Simbolismo y estética

Una vez que la esclavitud fue abolida, las mujeres negras en América seguían alisándose el pelo. La mujer negra se había convertido en un individuo libre, pero aun así, debían seguir esforzándose por encajar en una sociedad racista. Tener una buena melena, cuidada y lisa era una buena forma de intentar encajar, no obstante, las mujeres negras, cada vez más jóvenes, seguían empleando el uso de las trenzas africanas, haciendo que predominase la tradición.
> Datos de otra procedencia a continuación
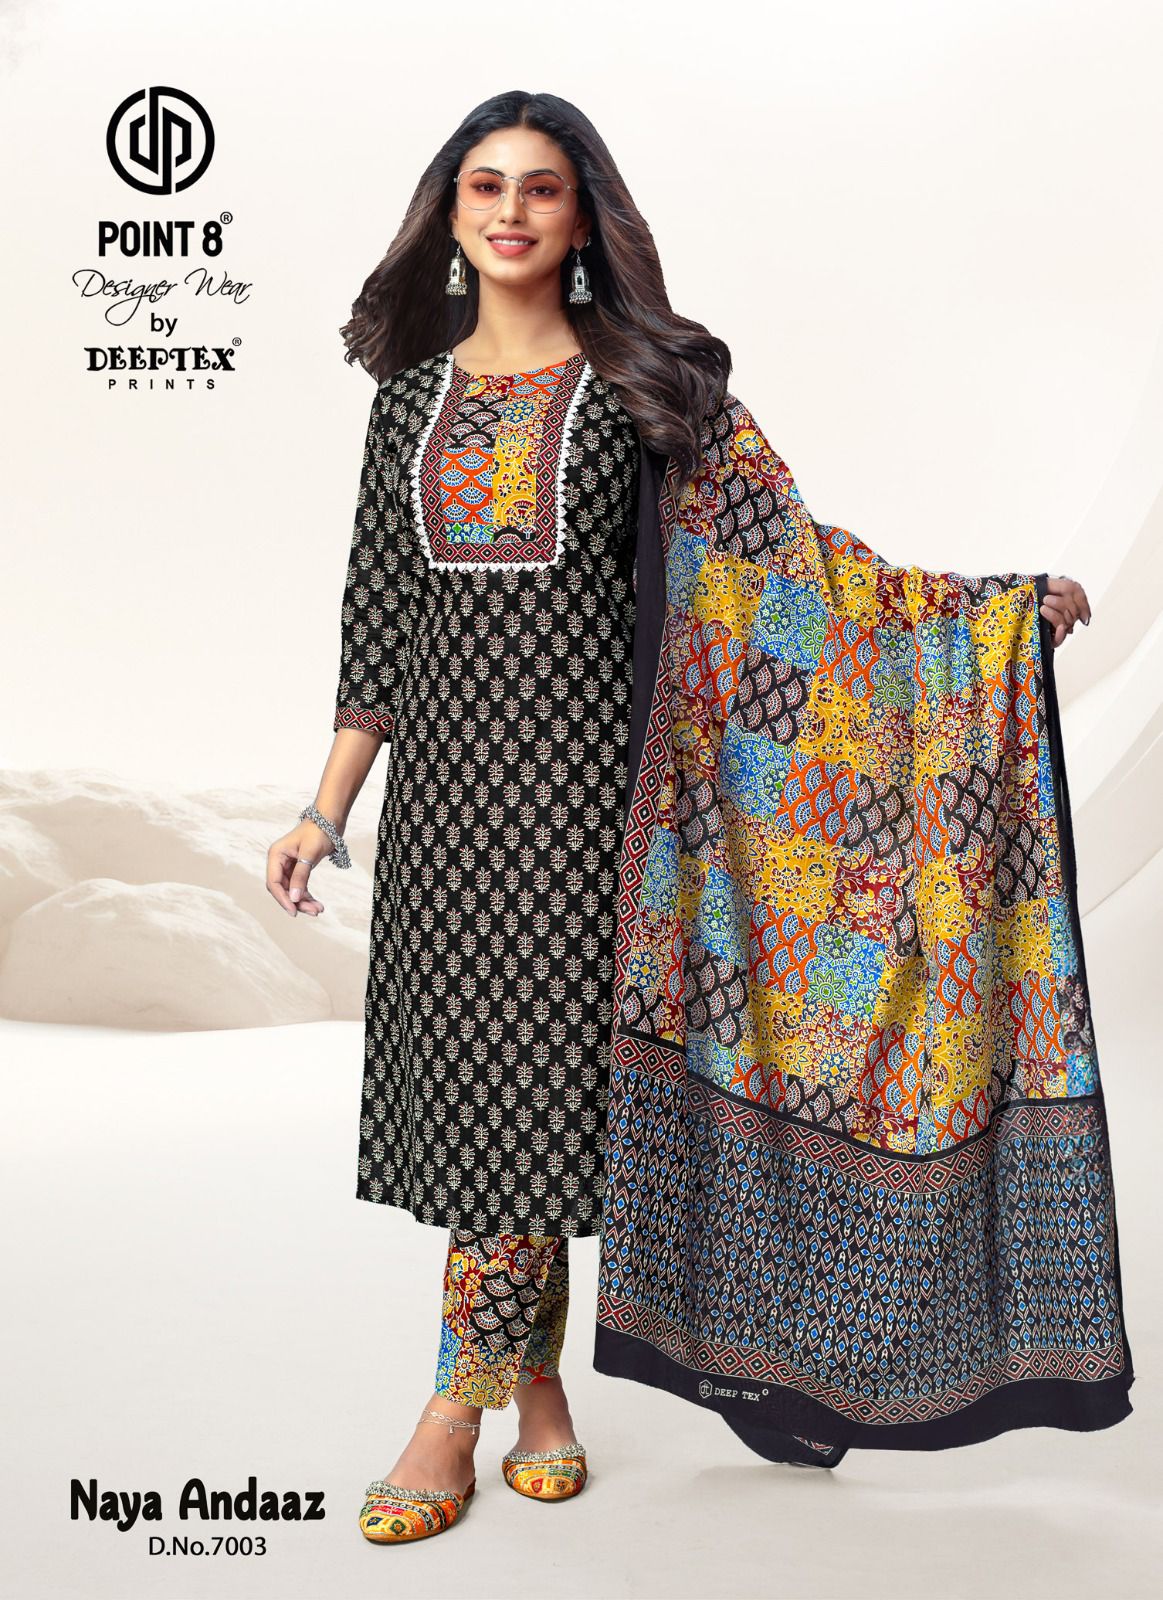 Deeptex Point 8 Naya Andaaz Vol 7 Readymade Dress Catalog collection 7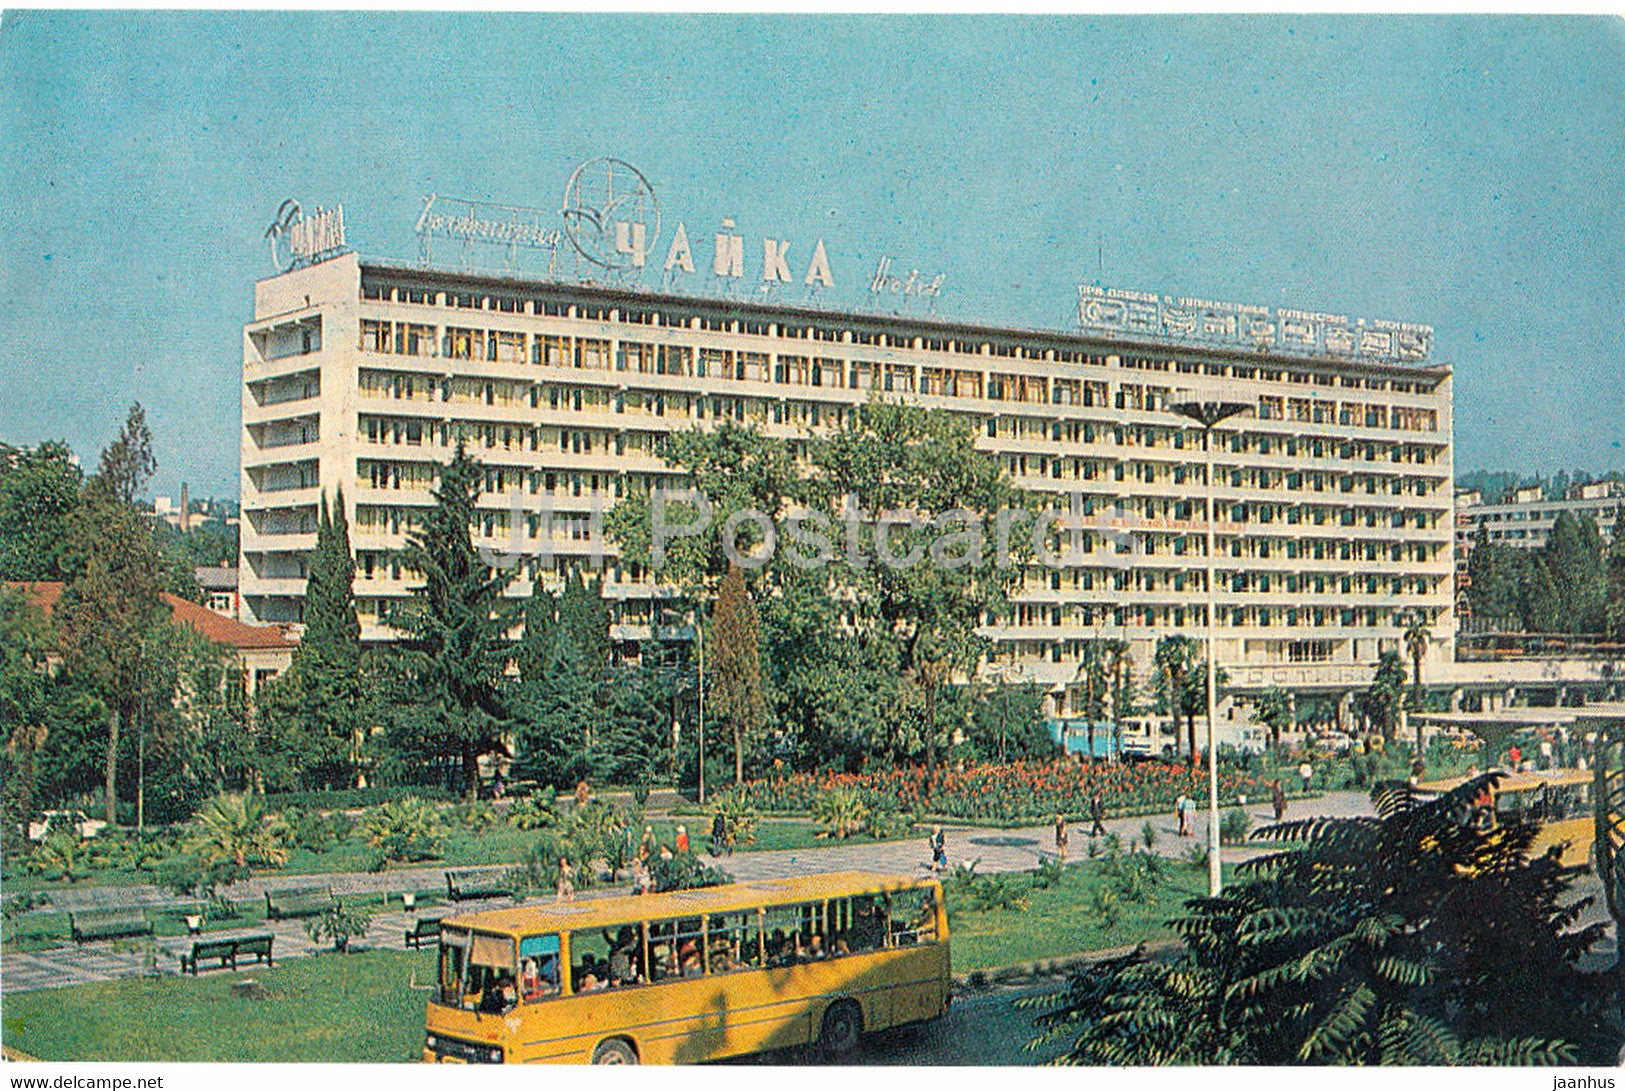 Sochi - hotel Chaika (Seagull) - bus Ikarus - 1981 - Russia USSR - unused - JH Postcards

En la década de los años 50 del siglo XX, las trenzas de origen africano parecían tener un resurgimiento. Por otro lado, el estilo “afro” se estaba volviendo cada vez más popular para los negros residentes en América. Los artistas e intelectuales negros, escolares, universitarios y activistas comenzaron a buscar estilos africanos para peinar su pelo y marcar una identidad, lo que más adelante lo convertiría en una situación racial delicada.

En 1969, los estilos de los peinados en la población afroamericana llegaron a simbolizar un movimiento. En la década de los  70, el gran número de inmigrantes que llegó a Estados Unidos del oeste de África, trajeron aun más estilos para trenzar el pelo en América. En los 90, las trenzas cosidas se convierten en una simbología asociada al hip-hop. Con el paso del tiempo, los peinados de estilo afro fueron relacionados con estilos musicales y corrientes de moda, especialmente en la década de los 70.

Actualmente, el cuidado y el mantenimiento de los estilos de peinado africano, se ha convertido en una industria. Las trenzas o los peinados afroamericanos, ya no son únicamente una forma de reivindicar unas raíces étnicas o culturales, sino que también abarcan el aspecto estético, de la moda y del estilo. En algunos ámbitos han dejado de ser símbolos relacionados con el camino a la libertad, pasando al terreno de una estética original y desenfadada moderna.

Existen tiendas o locales especializados en las trenzas y en los rizos. Aquí en España, en los principales núcleos urbanos, donde residen un mayor número de inmigrantes africanos o también latinoamericanos, o ya españoles descendientes de estos, hay una amplia oferta de salones y peluquerías.  A modo de ejemplo, “Samvina” o “La trencería del Flow” en Barcelona, o “Afro Natural” en Madrid, son de los más conocidos, aunque hay un gran número de opciones. 

Hoy las trenzas son una estética, un estilo, un gusto…, pero fueron la esperanza y el camino a la libertad durante la esclavitud de millones de personas.